August 28, 2017

In Case You Missed It: A Look at Recent National Housing Policy News

Urban Institute: Here’s How Rising Interest Rates will Impact the Mortgage Market  

Interest rates have fallen not just since 2007, but consistently over the past 35 years, according to a new report from Laurie Goodman, Urban Institute co-director of the Housing Finance Policy Center. The 10-year Treasury note peaked at more than 15% in 1981, but fell to just 1.83% in November 2016. Primary mortgage rates followed this pattern, falling from more than 18% in 1981 to 3.54% in November. Now, mortgage rates are increasing once more as the Treasury yield and the 30-year fixed-rate mortgage are up 44 basis points and 49 basis points consecutively as of July this year. Data from Freddie Mac and the Federal Reserve, demonstrates the falling interest rates from the early 1980s until 2016.

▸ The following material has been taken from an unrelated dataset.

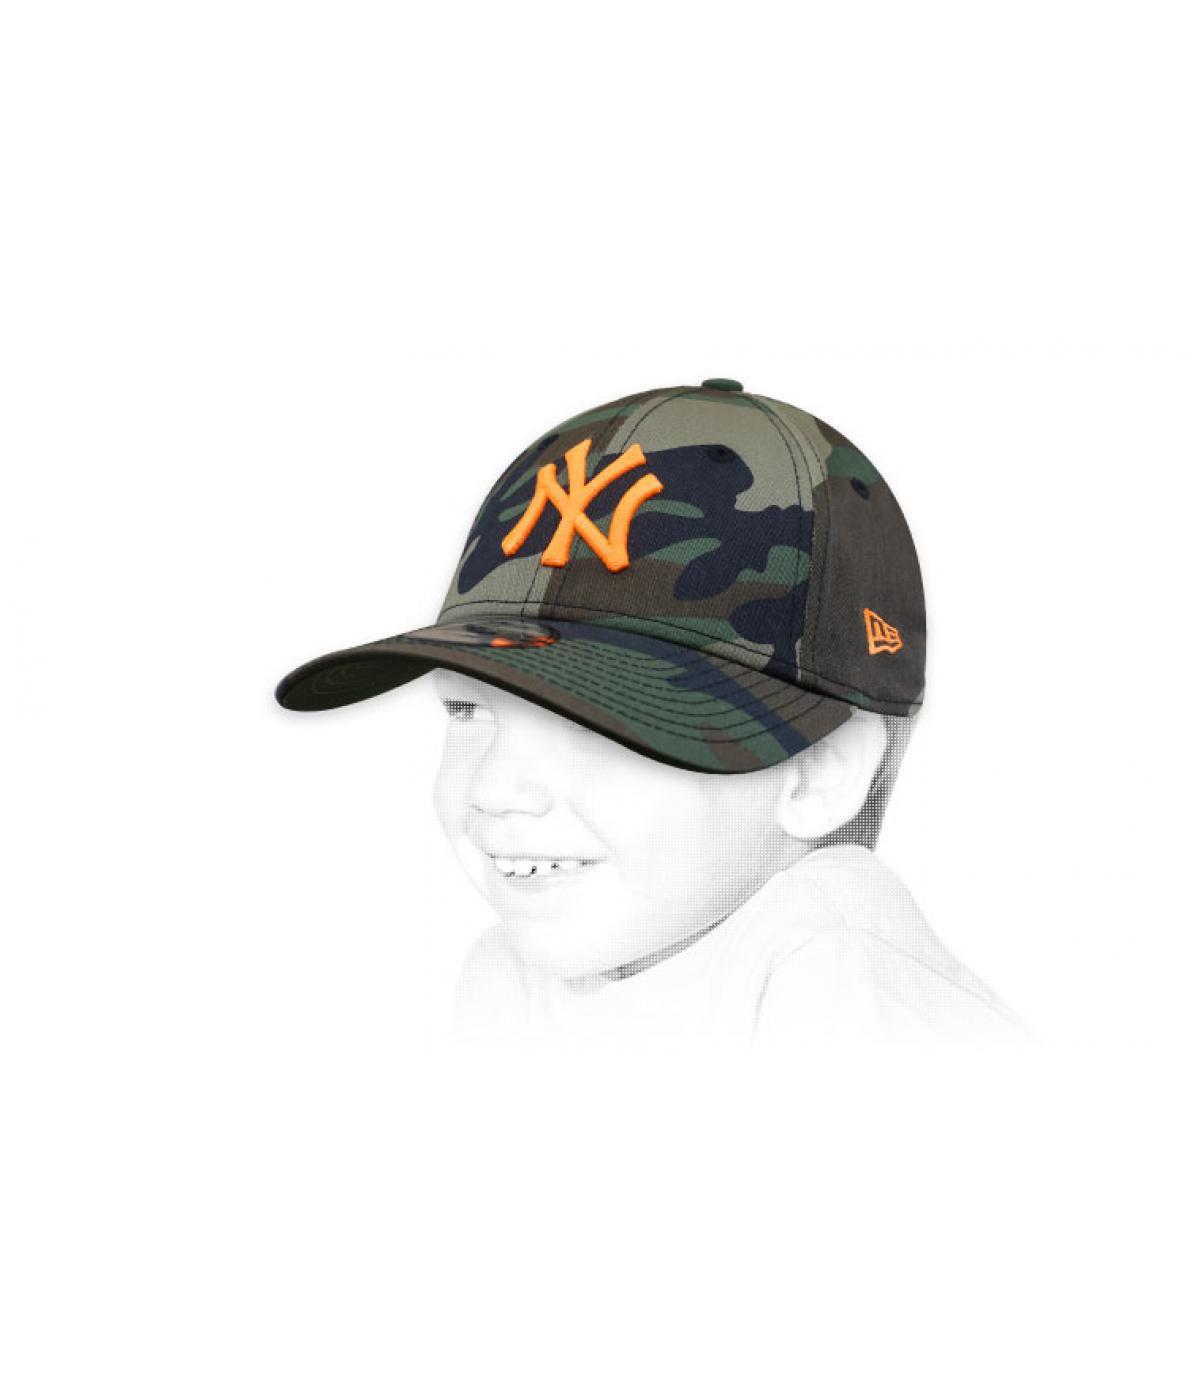 gorra niño NY camuflaje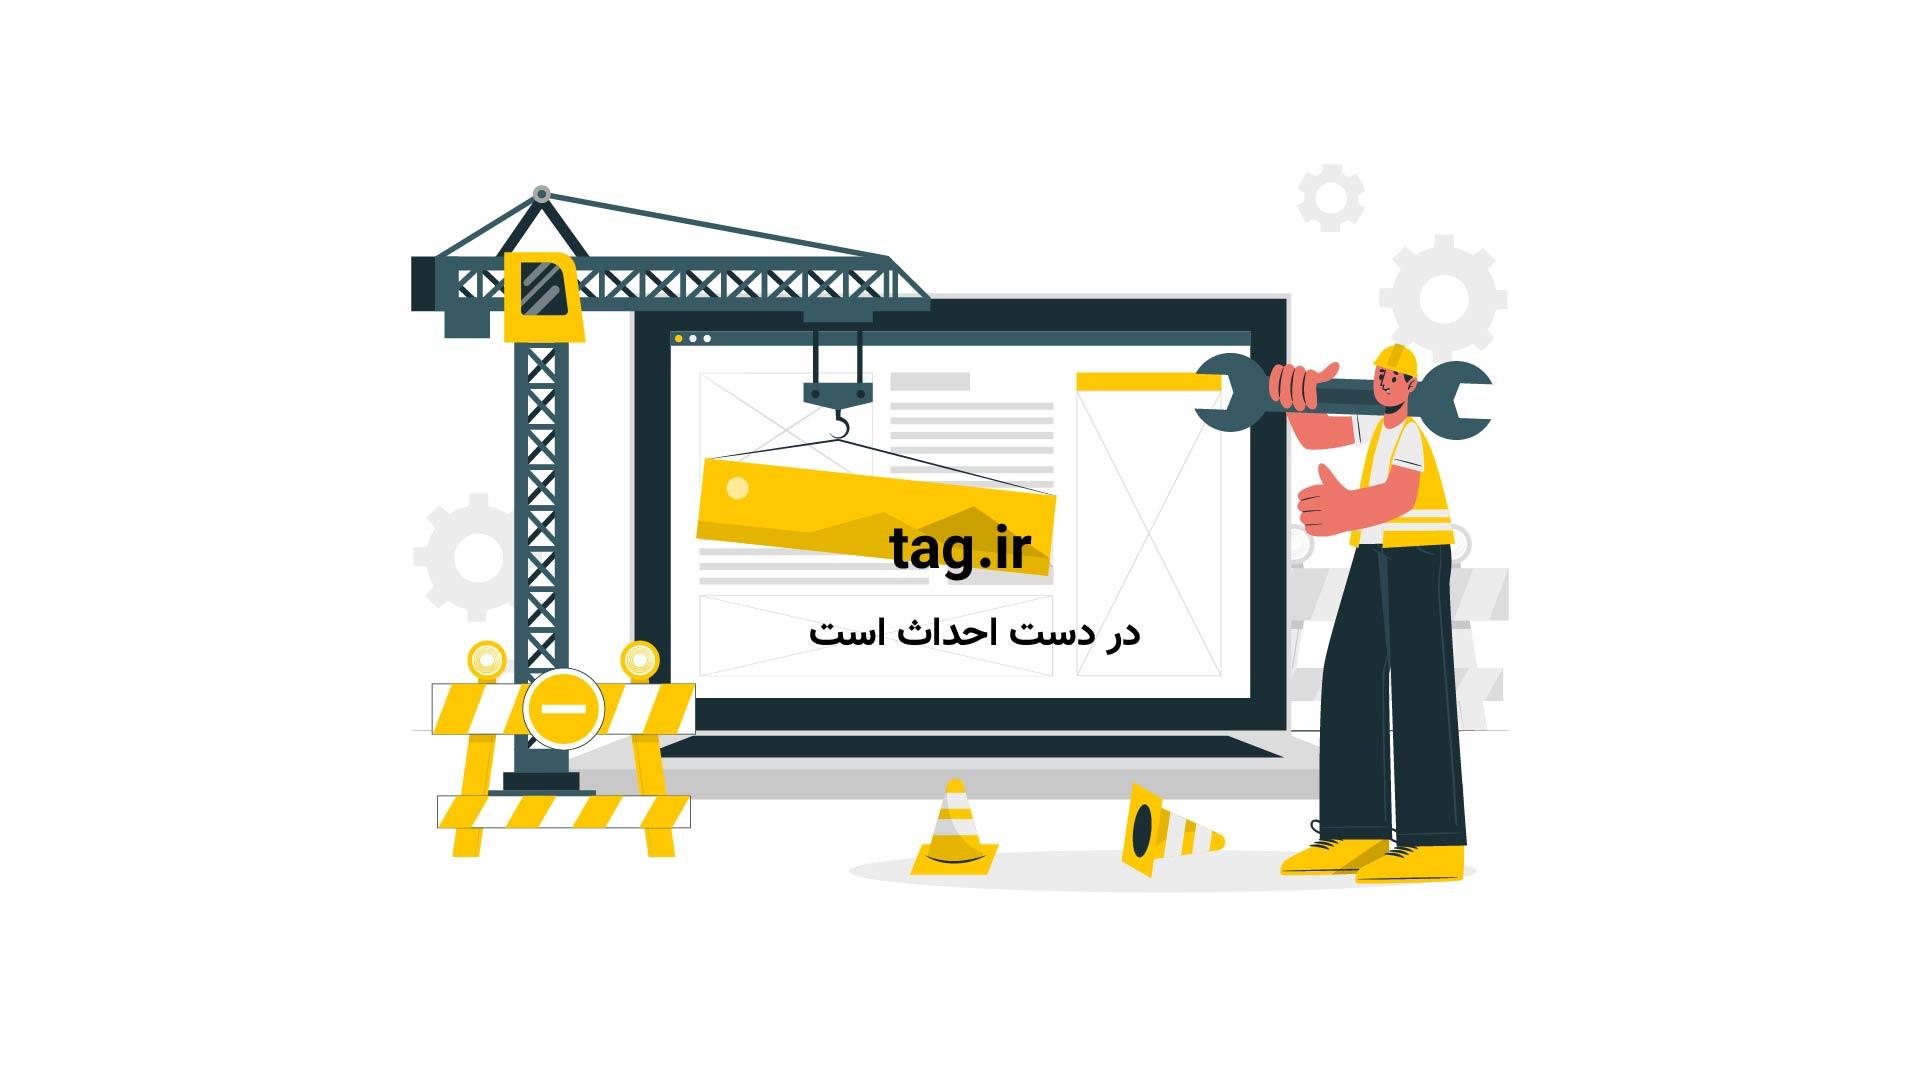 صحبتهای خسرو حیدری درباره اوضاع مالیاش   فیلم

Everything You Need to Know About Fannie, Freddie Appraisal-Free Purchase Mortgages

Freddie Mac announced it would be extending its appraisal-free mortgage program to purchase loans starting September 1, 2017. That same day, Fannie Mae also announced their appraisal-free purchase mortgage, offering its product effective immediately. But what does that mean exactly? Who qualifies? Are the GSEs moving to take appraisers out of the home buying process? For starters, why move to the purchase market to begin with? And how many Fannie and Freddie financed loans will qualify? Both GSEs already had a program in place for appraisal free refinances. Freddie Mac began their program earlier this summer, while Fannie Mae began offering appraisal-free mortgages on some of its refinances through its Day 1 Certainty program back in 2016. The answer from both companies was the same: After rising interest rates shifted the market from a refi market and more to purchase, the GSEs extended their programs to meet the needs of the shifting market.

The Game Changer for End-to-End Digital Mortgages: eClosings 

Nearly everything about the industry’s prized digital mortgage is streamlined except for the final, and one of the most important, steps at the end. The entire online process comes to an abrupt halt when it's time to close a loan, forcing borrowers to still meet up and cross the T’s and dot the I’s on an official document with a notary present. And while this process is evolving digitally, as noted here, it wasn’t until recently that the process truly became end-to-end thanks to a new company: Notarize. Notarize took the current eClosing process and brought it to the next level by allowing buyers to never have to leave their home or wet sign a single document.